The DS was pretty much set to die with the 3DS's release, the DS had plenty of years of glory, it was only normal they'd stop most of the DS games since it's the successor.
As for the Wii U, they're different platforms, Nintendo has always done well managing their handhelds and home systems at the same time, obv the Wii U is still going to be released, so it'll get more stuff at first.


----------



## yusuo (Sep 29, 2012)

There different markets, ones home console the others portable handheld they're not competing with each other, it is like saying will the iphone market destroy the wii u.


----------



## SickPuppy (Sep 29, 2012)

> At the Tokyo Game Show last week Capcom showed for the first time Monster Hunter 3 Ultimate on Wii U and revealed how it will work in tandem with the Nintendo 3DS version,



This is the opening of a eurogamer news article. Just by reading this I would say that the Wii U is not going to ruin the 3DS, it kind of looks like the two consoles will be working together. I'll bet there will be more releases besides MH3 that work together on both consoles.

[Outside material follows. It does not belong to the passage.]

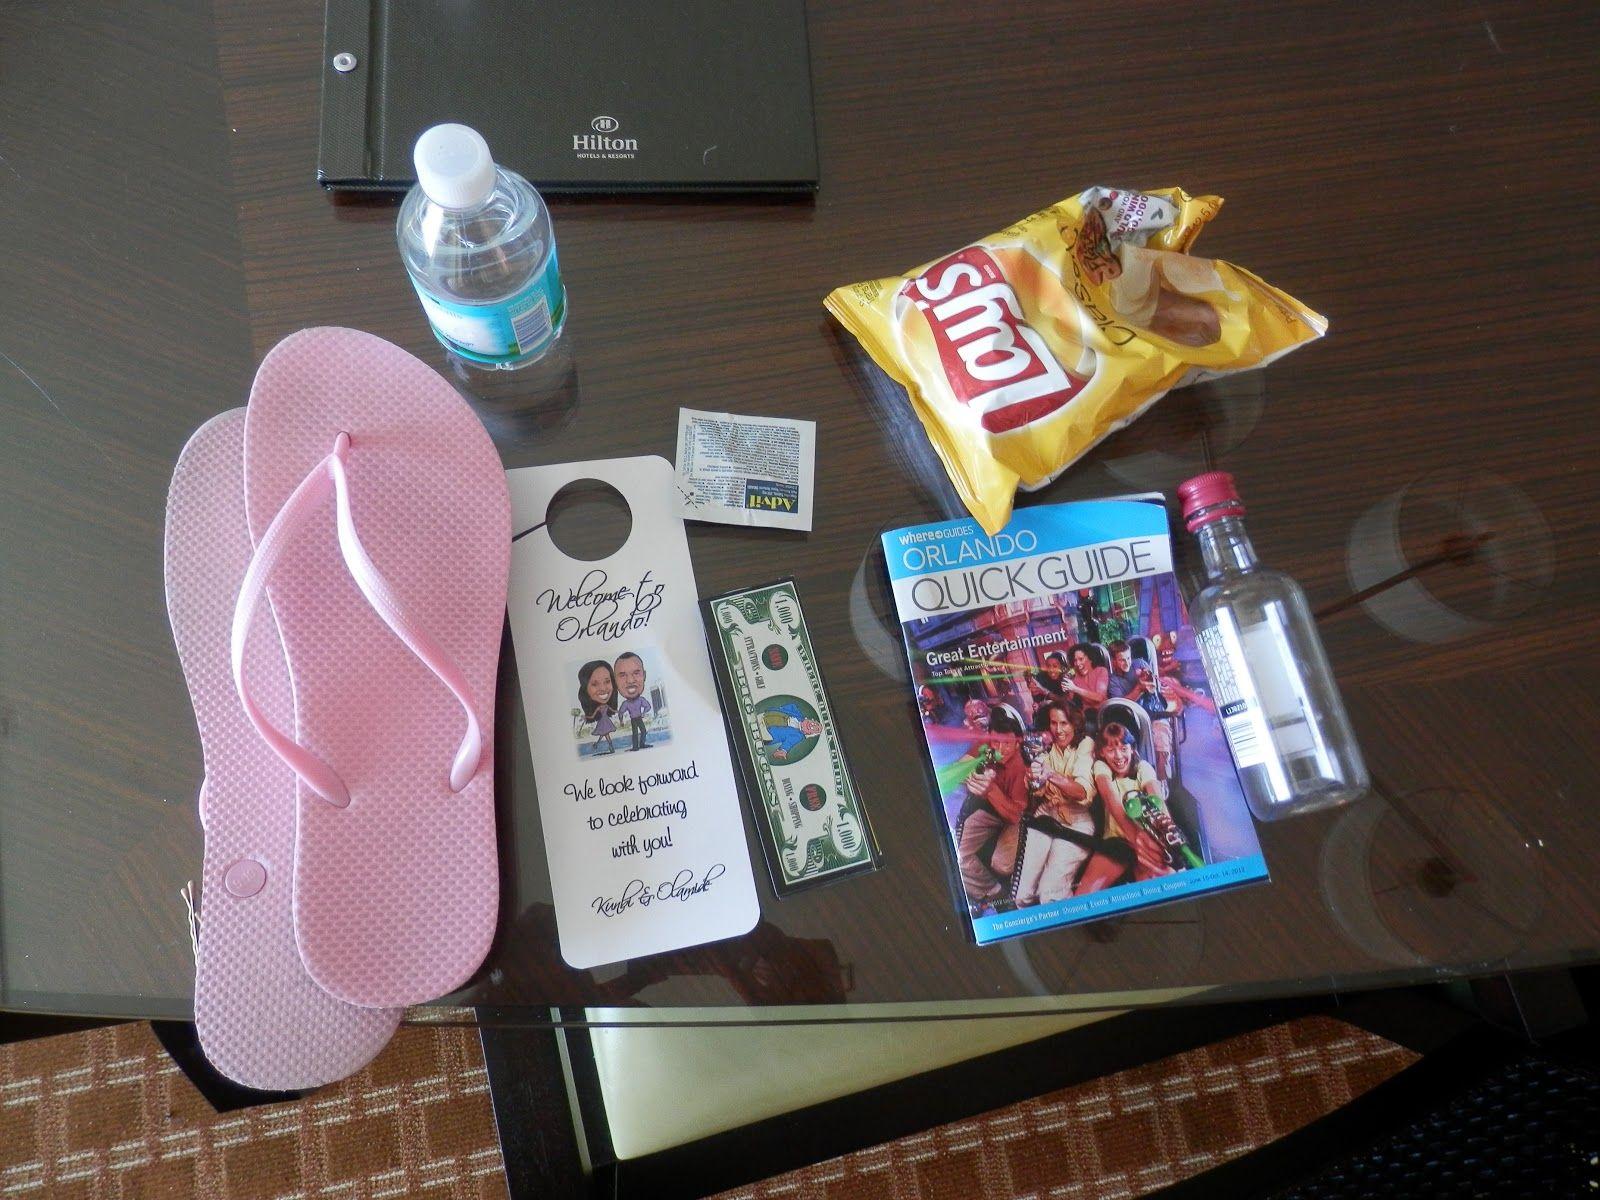 Wedding Welcome Bag Ideas Pinterest : Ideas. Out Of Town Wedding Gift Bags. skinnycargopantsaddict wedding ...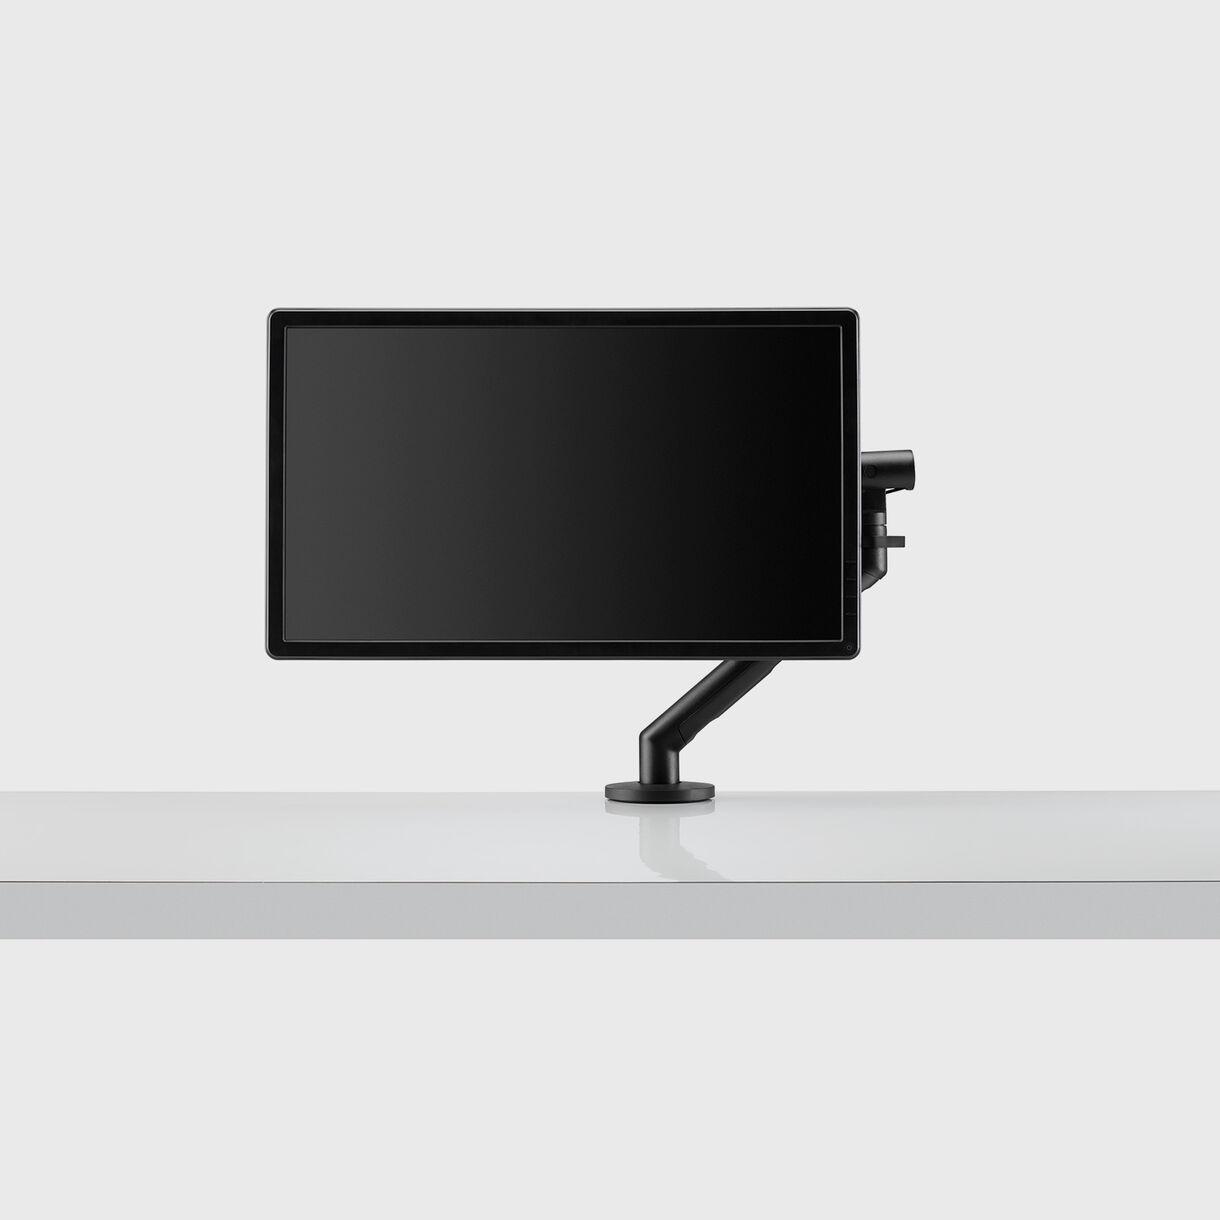 Flo Monitor Arm, Black

http://www.eurogamer.net/articles/2012-09-25-how-monster-hunter-3-ultimate-wii-u-and-3ds-work-together


----------



## YayMii (Sep 29, 2012)

GamerzHell9137 said:


> Snailface said:
> 
> 
> > Wii ruined ds.
> ...


I don't think you picked up that Snailface was being sarcastic.


----------



## Gahars (Sep 29, 2012)

I think Nintendo is more than capable of supporting a handheld and a home console. People may not be entirely thrilled with that support, but it's not like the 3DS is going to shrivel up and die once the Wii U launches.


----------



## Hells Malice (Sep 29, 2012)

3DS will crash and burn.
Abandon the sinking ship now and swap over to the Vita master race.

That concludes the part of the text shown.